(Entries taken from a collection)
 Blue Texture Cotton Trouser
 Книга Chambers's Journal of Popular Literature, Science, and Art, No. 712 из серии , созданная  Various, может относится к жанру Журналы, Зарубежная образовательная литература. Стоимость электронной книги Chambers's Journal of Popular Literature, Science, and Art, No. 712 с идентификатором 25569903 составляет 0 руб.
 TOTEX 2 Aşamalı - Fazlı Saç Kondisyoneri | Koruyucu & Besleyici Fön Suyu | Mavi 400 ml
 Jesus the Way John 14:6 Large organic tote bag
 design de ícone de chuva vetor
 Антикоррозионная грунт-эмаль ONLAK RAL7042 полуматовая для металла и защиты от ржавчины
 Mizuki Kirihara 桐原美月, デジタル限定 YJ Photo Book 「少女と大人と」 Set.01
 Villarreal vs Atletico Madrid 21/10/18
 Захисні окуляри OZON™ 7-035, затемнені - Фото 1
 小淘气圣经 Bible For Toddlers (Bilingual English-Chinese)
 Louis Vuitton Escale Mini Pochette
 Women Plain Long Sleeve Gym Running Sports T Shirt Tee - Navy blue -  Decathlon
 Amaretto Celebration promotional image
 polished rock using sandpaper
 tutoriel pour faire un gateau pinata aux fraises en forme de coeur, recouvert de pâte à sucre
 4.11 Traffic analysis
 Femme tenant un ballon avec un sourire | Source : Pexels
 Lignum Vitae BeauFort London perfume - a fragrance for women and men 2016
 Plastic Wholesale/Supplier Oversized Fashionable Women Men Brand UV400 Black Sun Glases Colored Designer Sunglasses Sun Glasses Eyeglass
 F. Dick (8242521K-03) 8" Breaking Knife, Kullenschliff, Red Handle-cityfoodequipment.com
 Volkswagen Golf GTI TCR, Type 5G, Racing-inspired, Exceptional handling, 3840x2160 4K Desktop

* **YOUR ASSIGNMENT**
Only the lines from the one containing "Захисні окуляри OZON™" through the final line of the data belong in the answer, repeated exactly.

* **EXERCISE RESULT**
 Захисні окуляри OZON™ 7-035, затемнені - Фото 1
 小淘气圣经 Bible For Toddlers (Bilingual English-Chinese)
 Louis Vuitton Escale Mini Pochette
 Women Plain Long Sleeve Gym Running Sports T Shirt Tee - Navy blue -  Decathlon
 Amaretto Celebration promotional image
 polished rock using sandpaper
 tutoriel pour faire un gateau pinata aux fraises en forme de coeur, recouvert de pâte à sucre
 4.11 Traffic analysis
 Femme tenant un ballon avec un sourire | Source : Pexels
 Lignum Vitae BeauFort London perfume - a fragrance for women and men 2016
 Plastic Wholesale/Supplier Oversized Fashionable Women Men Brand UV400 Black Sun Glases Colored Designer Sunglasses Sun Glasses Eyeglass
 F. Dick (8242521K-03) 8" Breaking Knife, Kullenschliff, Red Handle-cityfoodequipment.com
 Volkswagen Golf GTI TCR, Type 5G, Racing-inspired, Exceptional handling, 3840x2160 4K Desktop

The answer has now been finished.